I'll be that guy; I'm a little confused as to why this would require $200,000 (the requested total funding requested) to solve. From the site itself :
614,680,691 requests per month come down to ~230 request per second. Allowing for some spikiness that boils down to perhaps 1k request/second at peak. Requests in these cases are mostly relatively simple queries on version-ed, highly cacheable data. I say highly cacheable because it is relatively static data for which most (if not all) of the data fields relevant for these requests can fit in memory of perhaps even a single node (NPM currently includes 48,799 packages. That leaves a very healthy chunk of data per package on 16Gb-128Gb RAM server boxes).
The downloads are a bit of a puzzle to me as well. On my machine the average NPM package is about 200Kb (YMMV). 114,626,717 downloads are mentioned on the site. 200k times 114 million downloads lands us on roughly 23 TB. Even on a relatively expensive CDN such as Amazon CloudFront the total monthly cost for that bandwidth and content request load for CloudFront and the required S3 costs land on about $3k/month and that's ignoring all bulk discounts, reserved capacity and so on (which are very significant at these volumes).
I'm more than likely oversimplifying a few things here and there (or failed horribly at math) but I'd still be very interested to hear why this requires such a large investment. Also, wouldn't the more obvious solution be to open source the npmjs software and allow the community to contribute knowledge and time instead?
EDIT: Quickly wanted to point out that I use npmjs.org often , is a great service and that donations are very well deserved. After re-reading my post it turned out more negative sounding than intended.
Every fuzzy-versioned dependency means one request to npm that you can not (really) cache - at least not without doing and relying on active cache invalidation. And if I look at my average npm install log, that's about half of the requests. For storage estimates you should also include that it's not only storing the packages but also all versions of the package. ~A year ago the registry was 25GB in size IIRC. And that was a freshly downloaded & compacted one on my machine. Especially considering that the growth will not suddenly stop, things get complicated.
Also: both the website and the registry is already completely open source. But hosting it with "perfect" uptime is a real problem and requires not only network/hardware but also people. Including testing and migrating to a new, more scalable solution - say a handful of people (2-4) will work on that for a month, which does not yet include future maintenance. That can easily mean $50000 just in salaries - or in "people that would normally bring value to paying customers" if you assume that those people will be fine with working that month without pay.
I see what you mean but allow me to theorycraft a bit more : Changes and removal of packages are considerably more rare than additions and either happens relatively infrequently.

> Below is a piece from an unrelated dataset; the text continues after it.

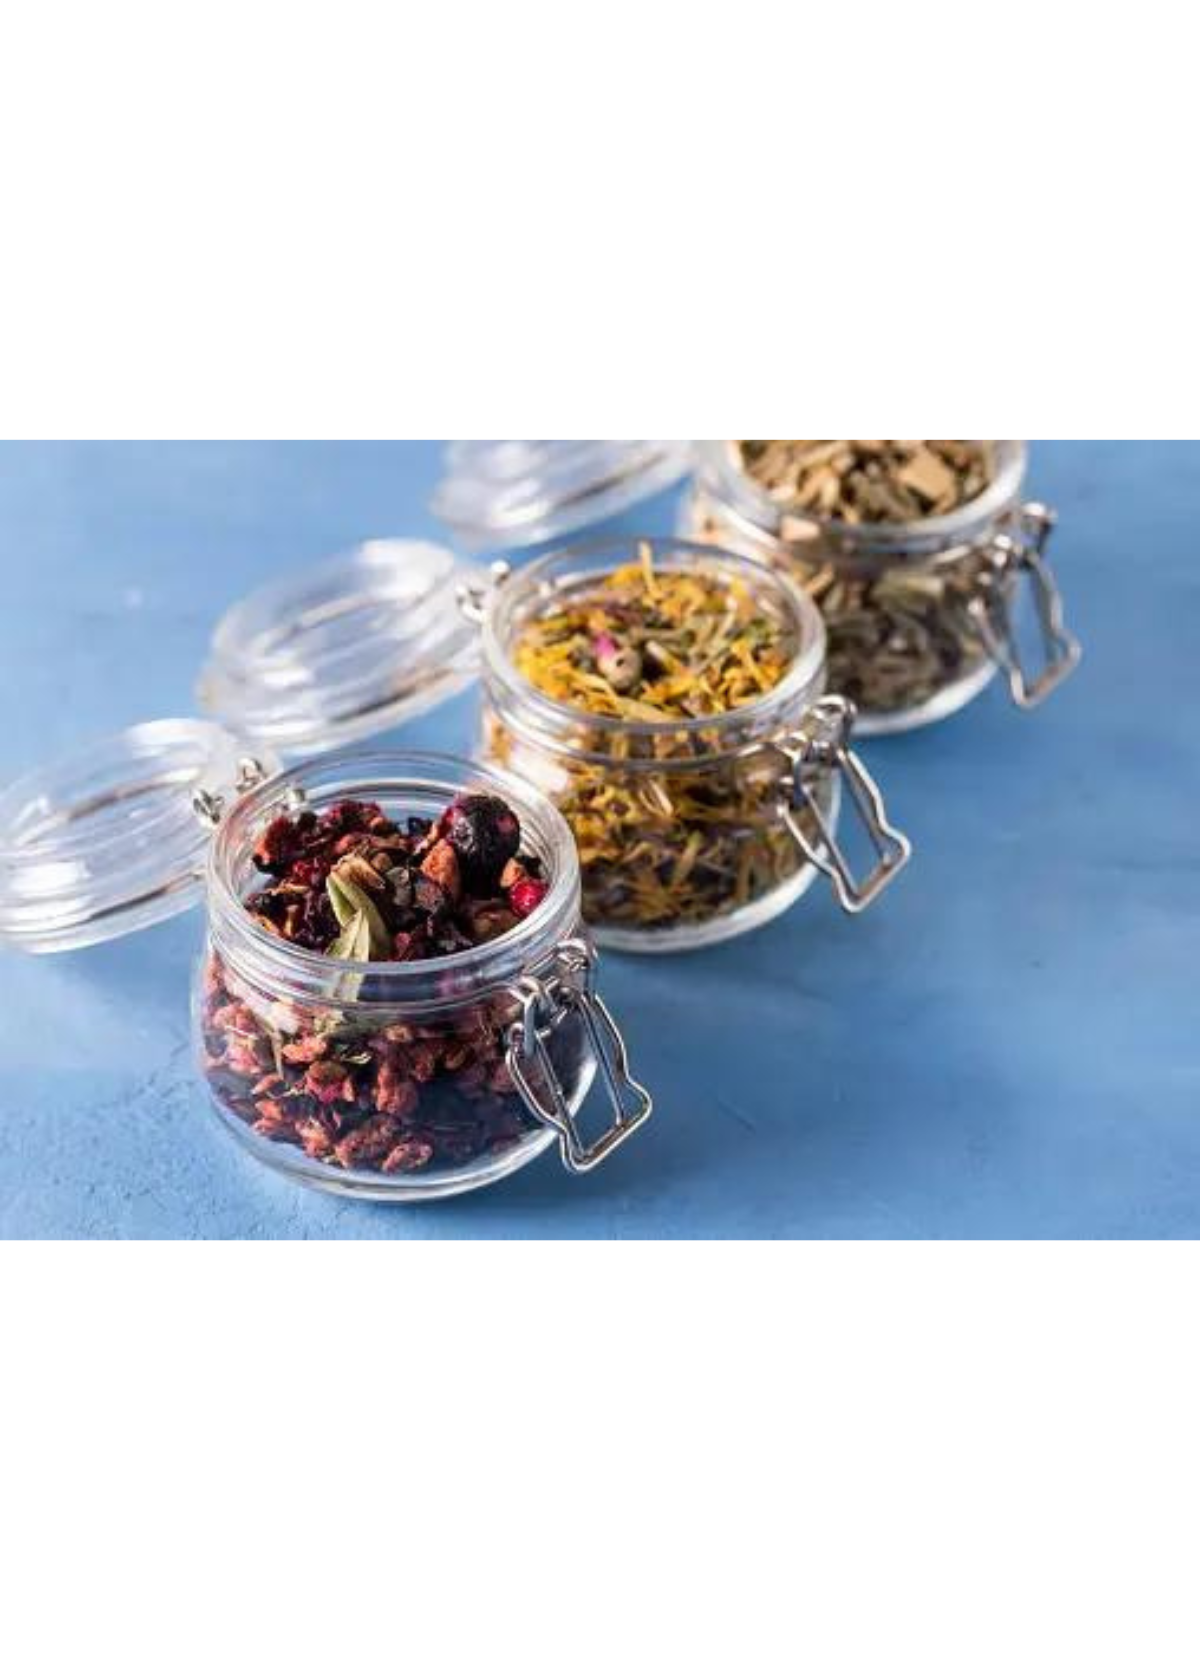 Unlock Premium Quality and Taste with Loose Leaf teas!

This makes cluster wide cache invalidation relatively trivial (it's easy but has scalability issues, and scalability won't be an issue here). Also, when I said "cached" I probably should have said keeping various indexes in memory to facilitate queries. I actually work with systems in a roughly similar technical domain (way different space though, I work on large scale TV systems).
Your other point is definitely the big challenge but that is exactly the main motivation to use hosted CDNs and other hosted services that have solved this challenge for you o a large extent.
Instead of resolving those requests on the server, why not have the client download an index file with all the available versions for every package, or maybe just an index file with the top 20% of packages responsible for 80% of the load.
Anyone can make a mirror. That's the glory of CouchDB. Just kick off replication and BOOM you've got the npm registry. There are community mirrors in Europe (http://npmjs.eu) and Australia.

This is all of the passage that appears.